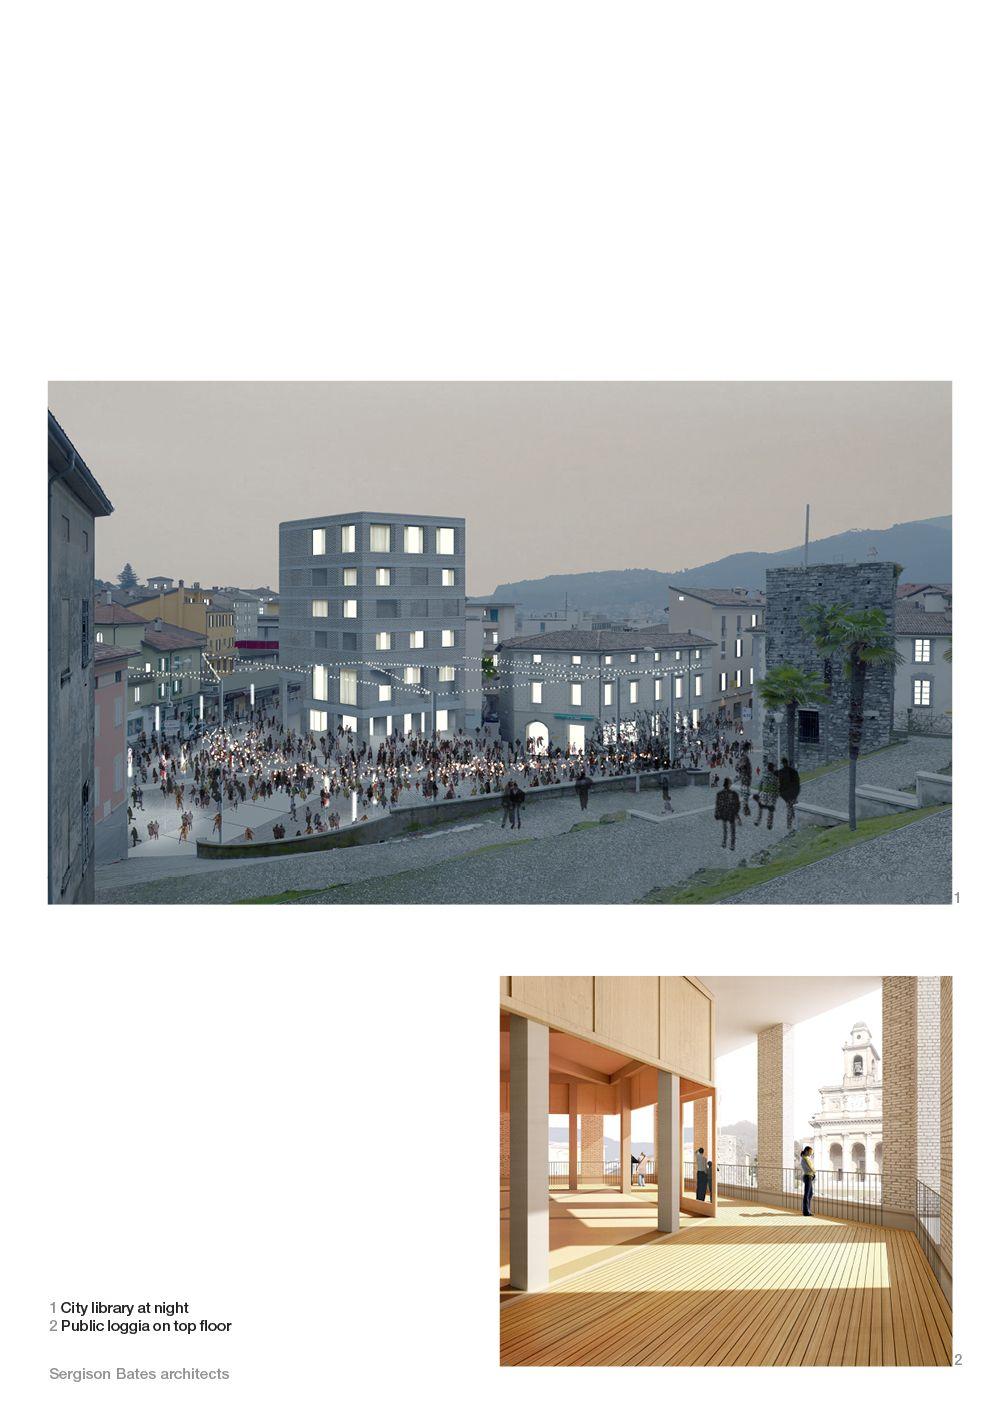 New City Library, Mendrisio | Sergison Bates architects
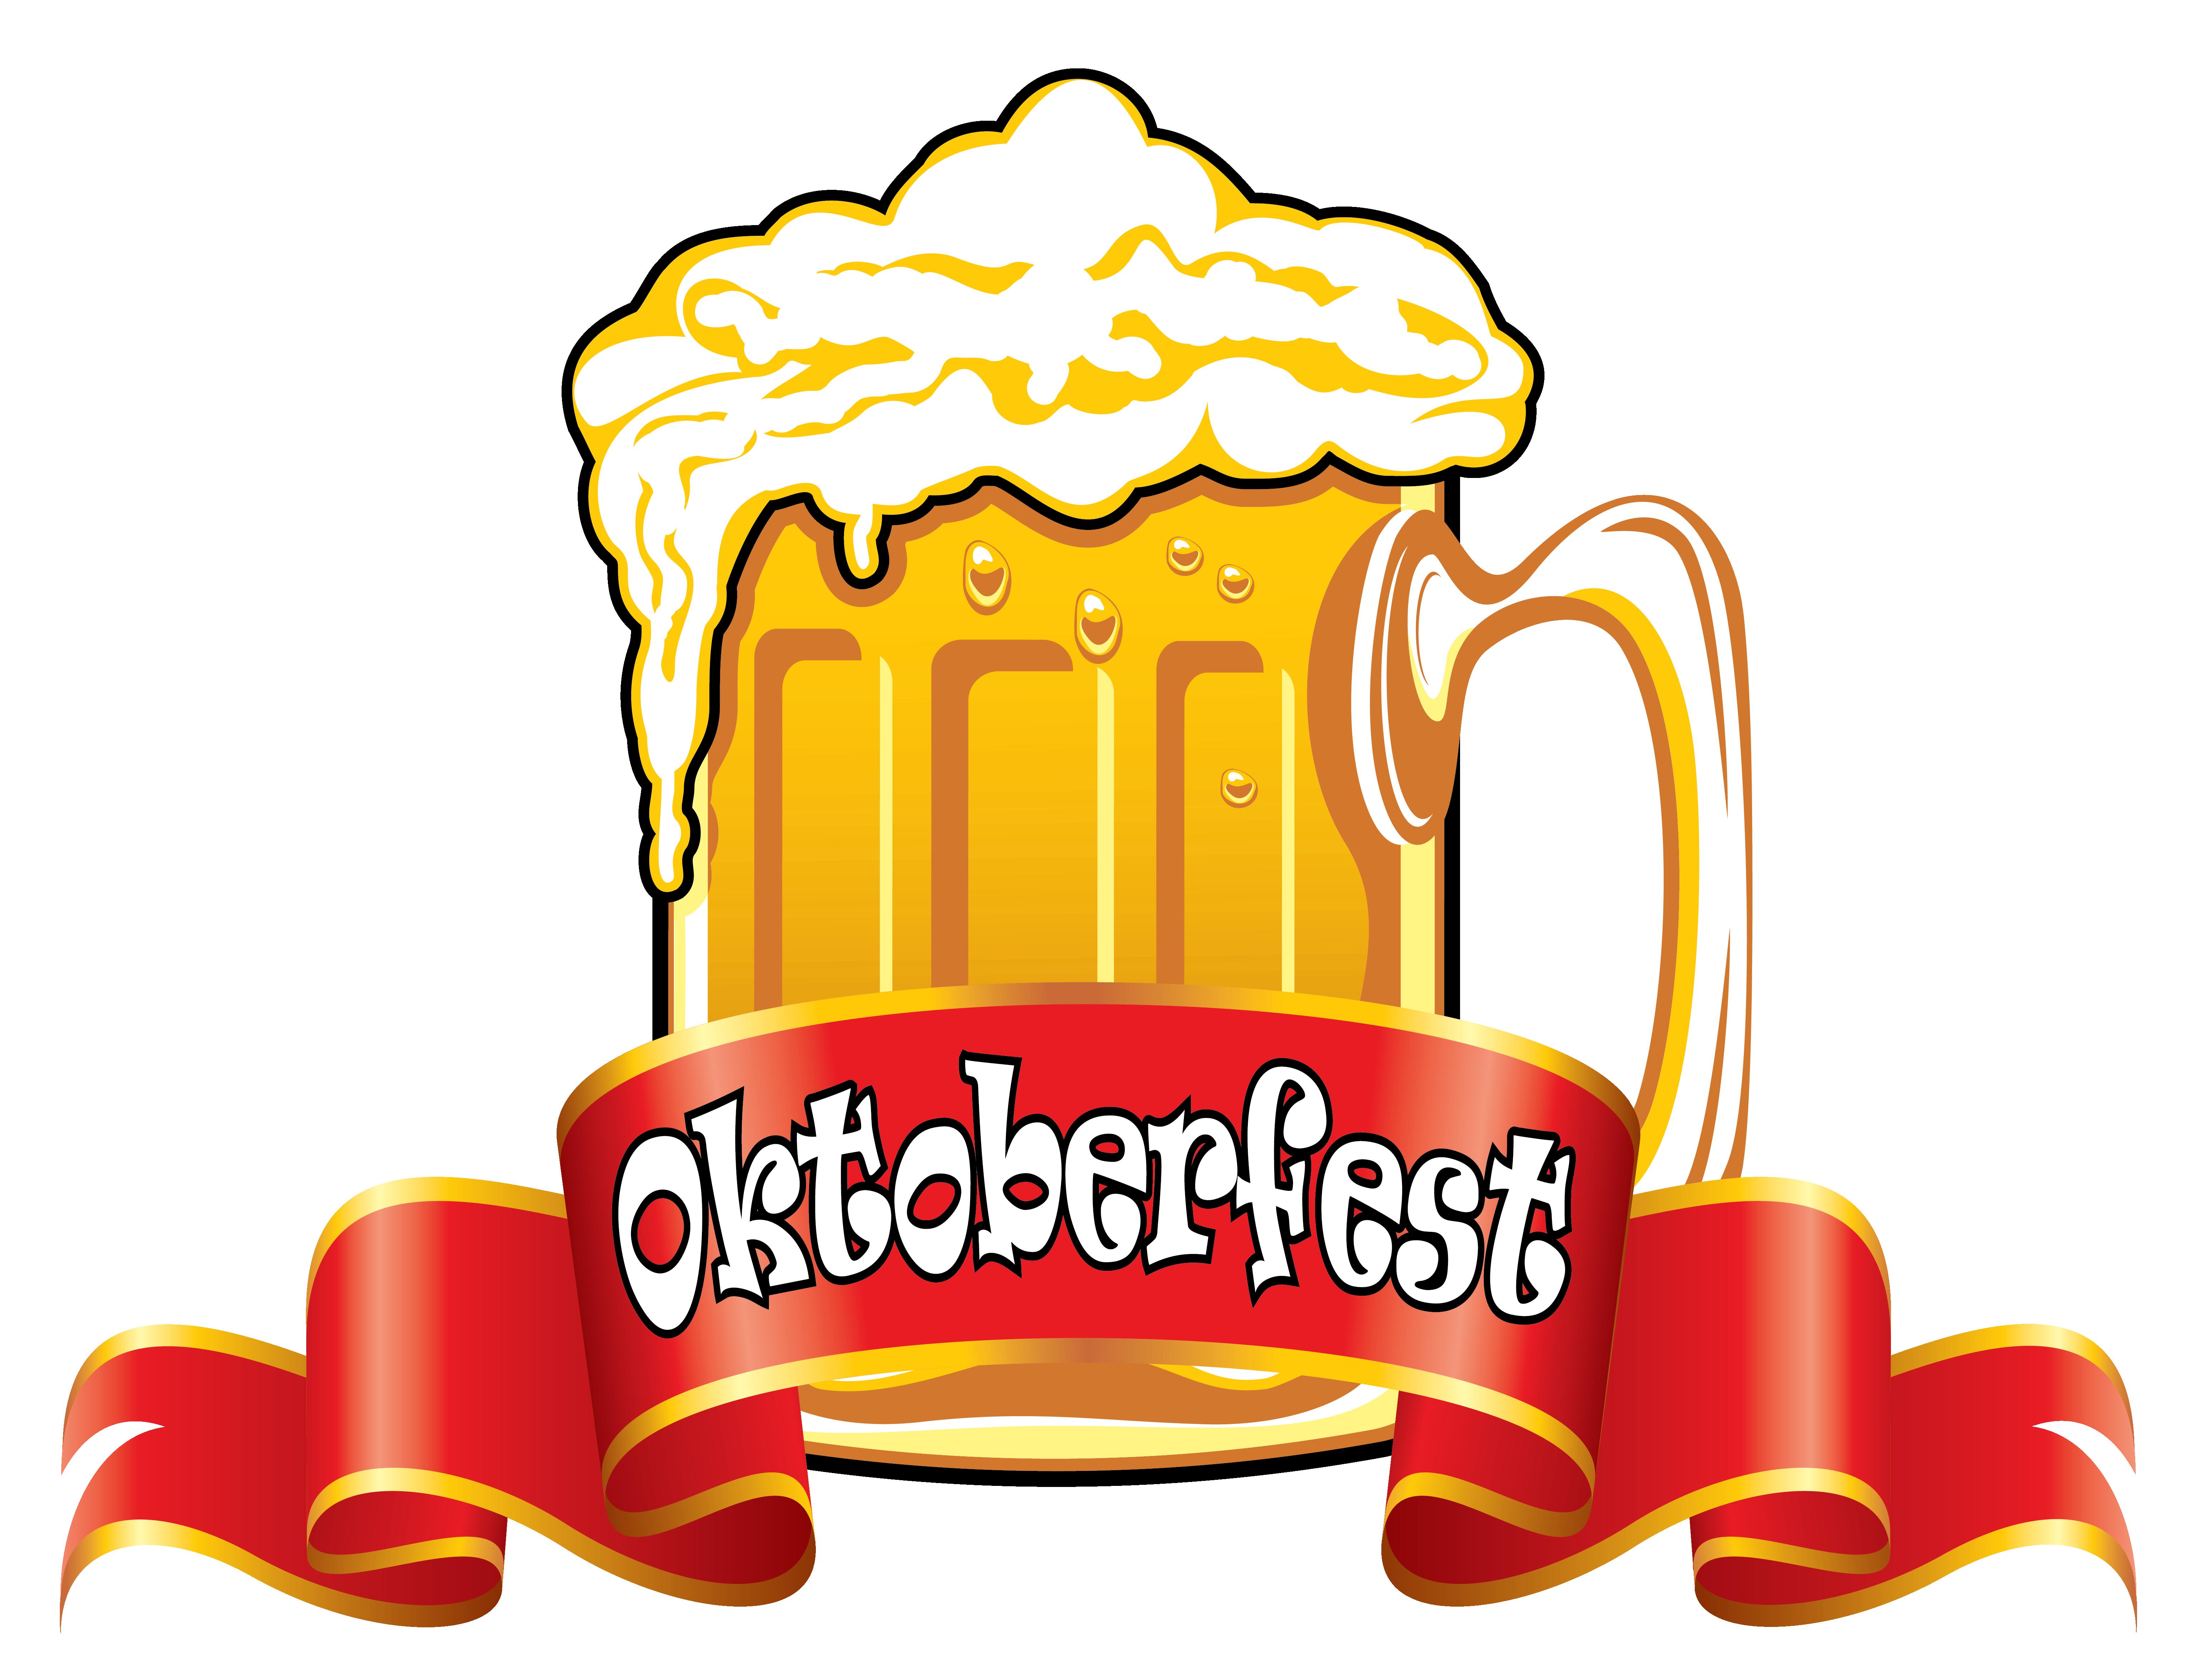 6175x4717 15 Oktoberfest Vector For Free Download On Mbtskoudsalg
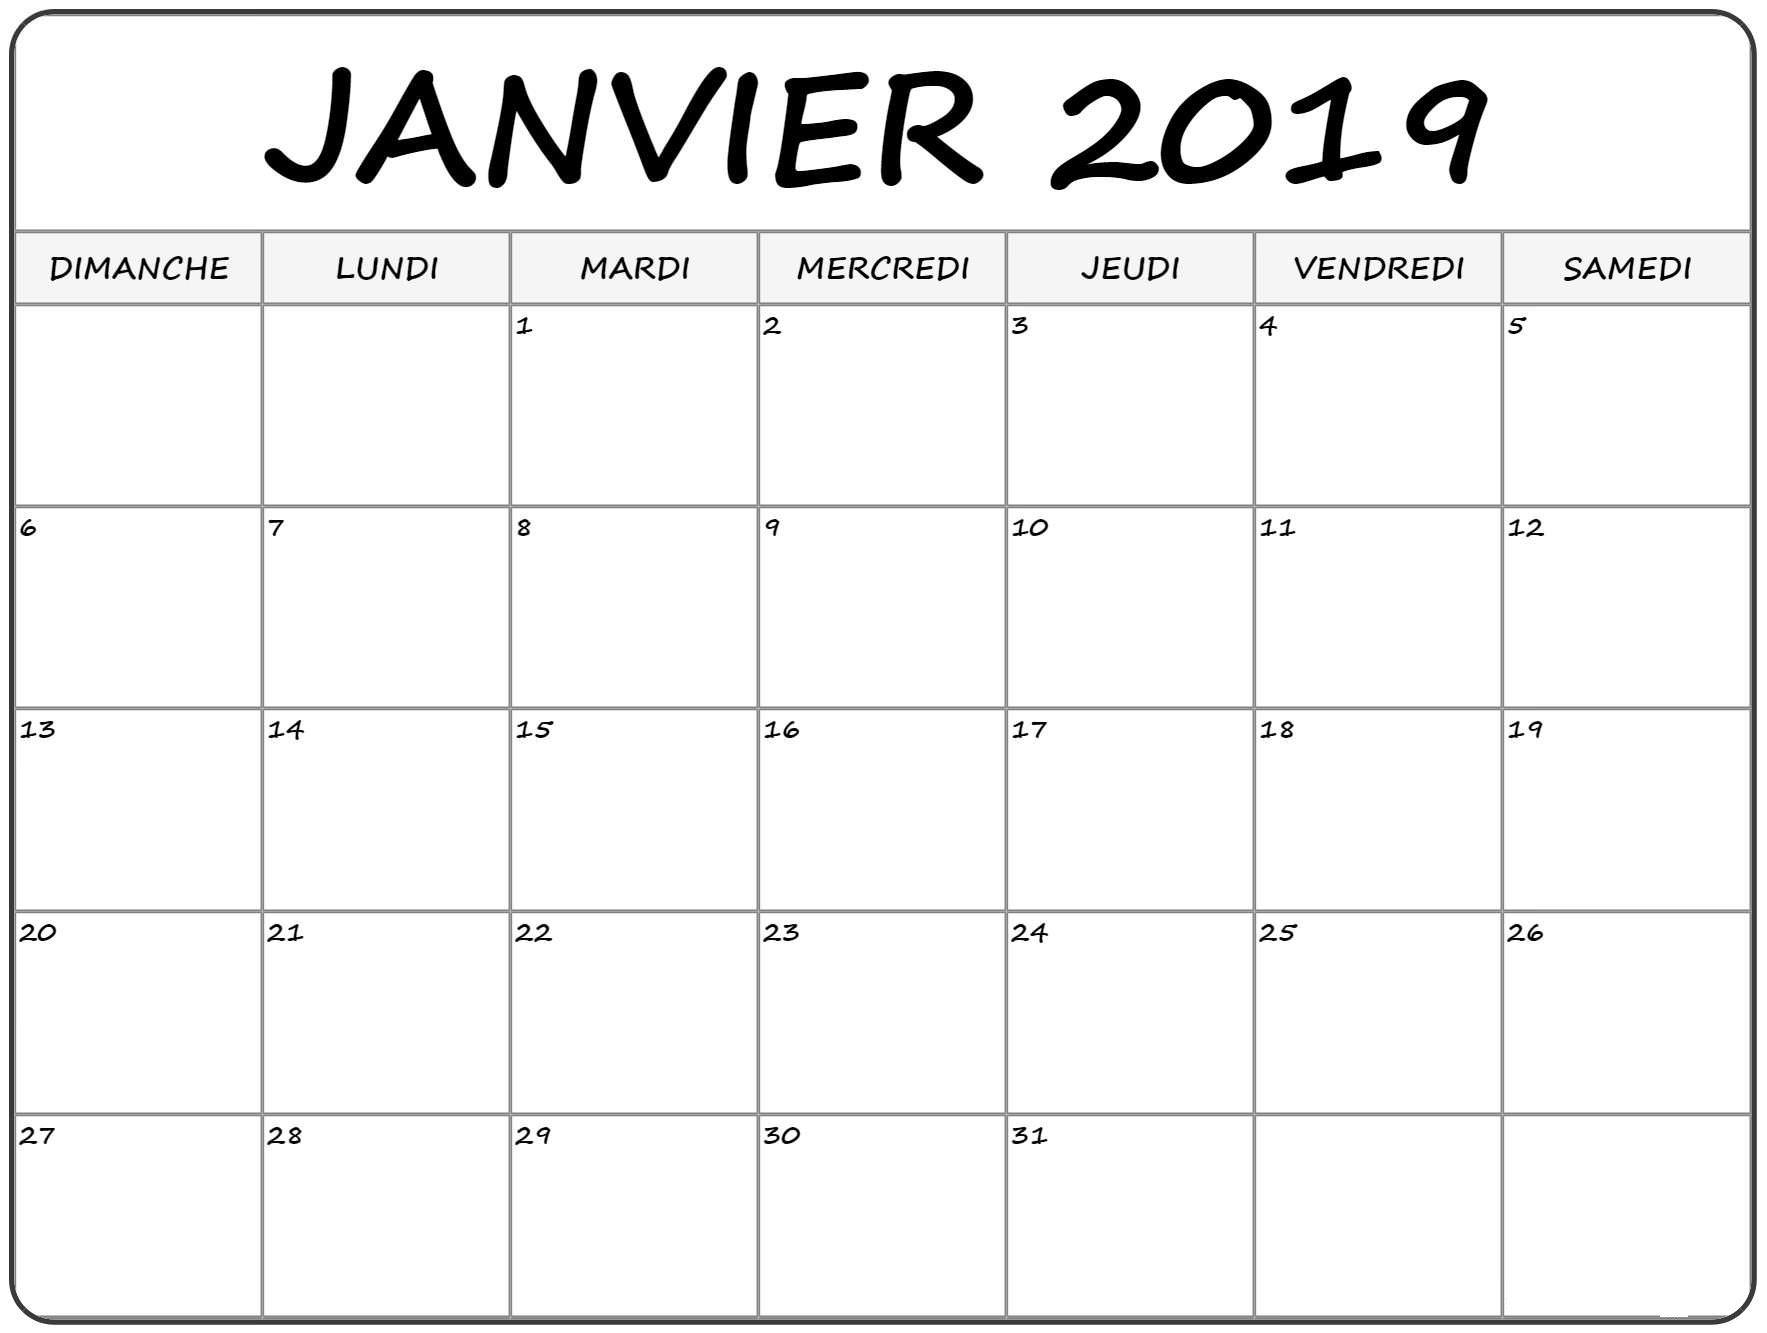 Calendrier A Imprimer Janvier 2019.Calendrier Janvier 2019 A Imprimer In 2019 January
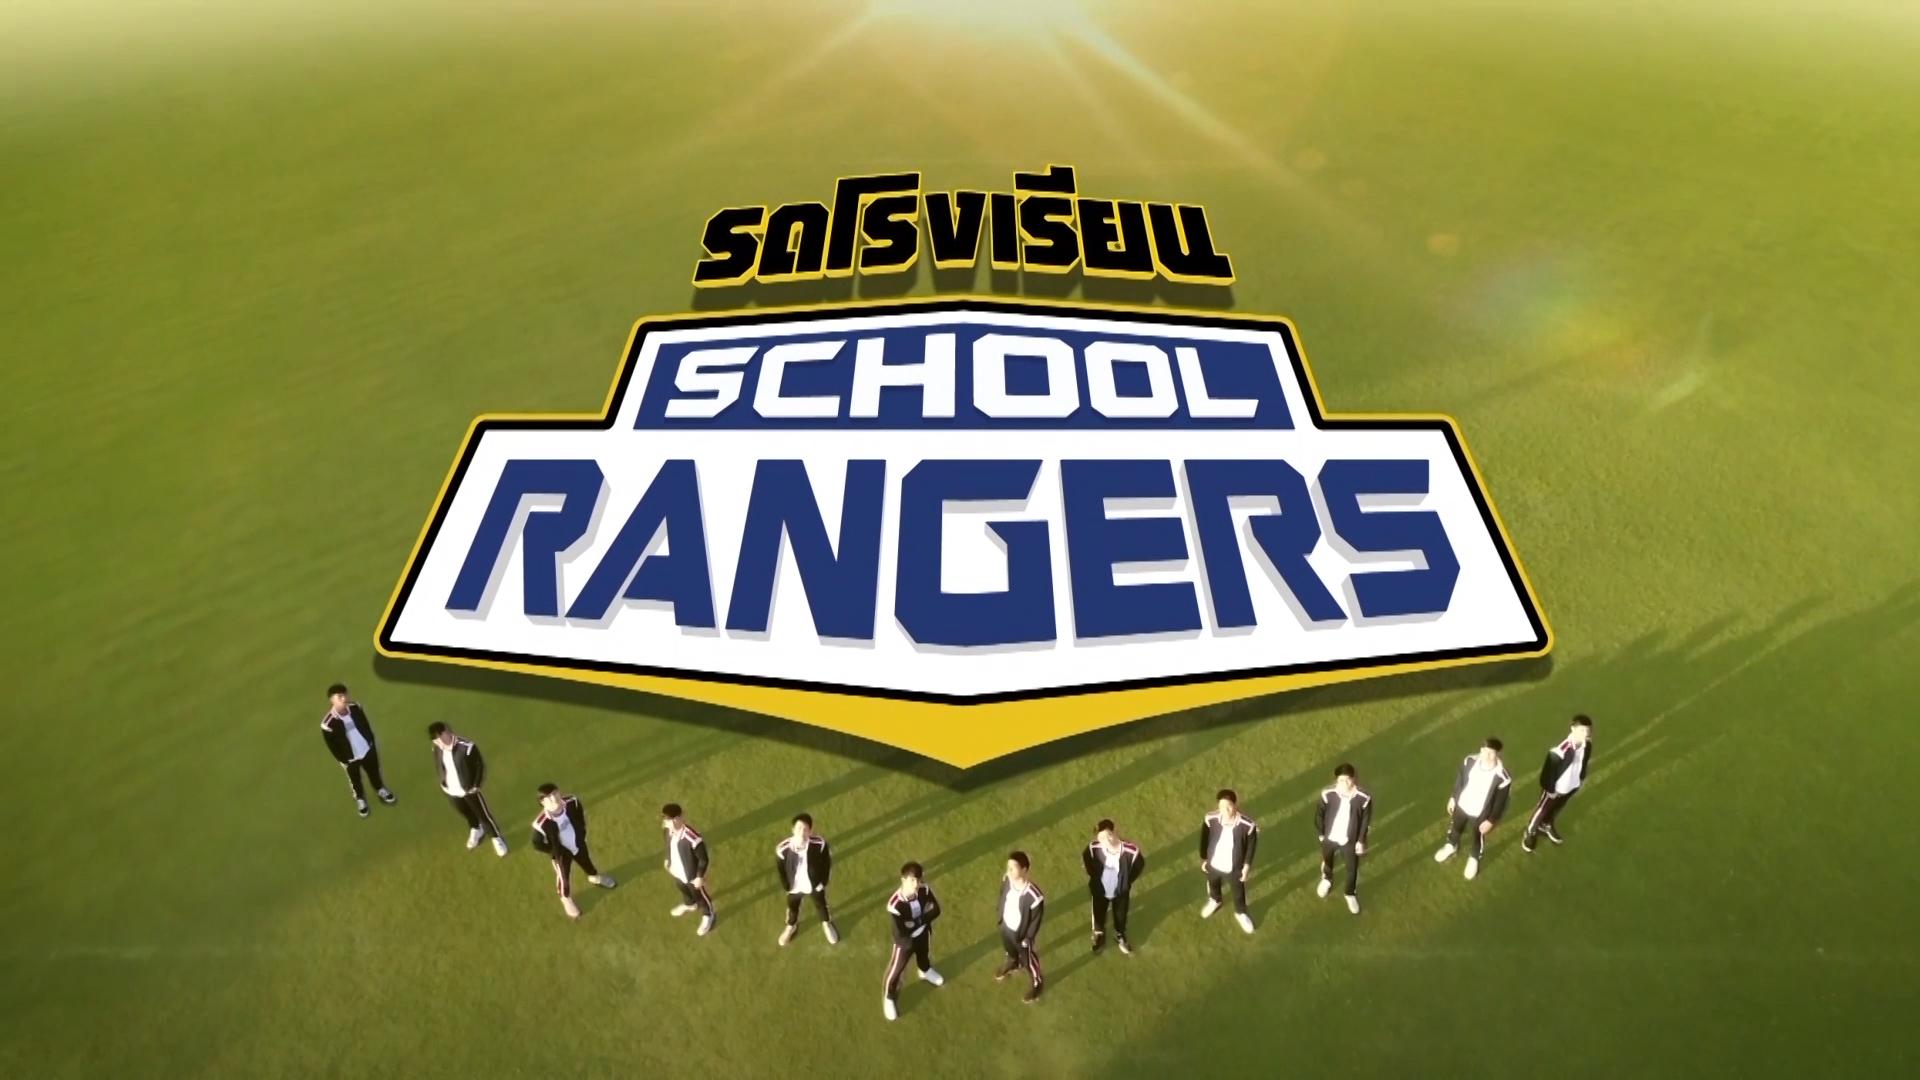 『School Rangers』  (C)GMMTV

------------

### Task item
Reproduce the lines above exactly, image-free.

### Task result
 New City Library, Mendrisio | Sergison Bates architects
 6175x4717 15 Oktoberfest Vector For Free Download On Mbtskoudsalg
 Calendrier A Imprimer Janvier 2019.Calendrier Janvier 2019 A Imprimer In 2019 January
 『School Rangers』  (C)GMMTV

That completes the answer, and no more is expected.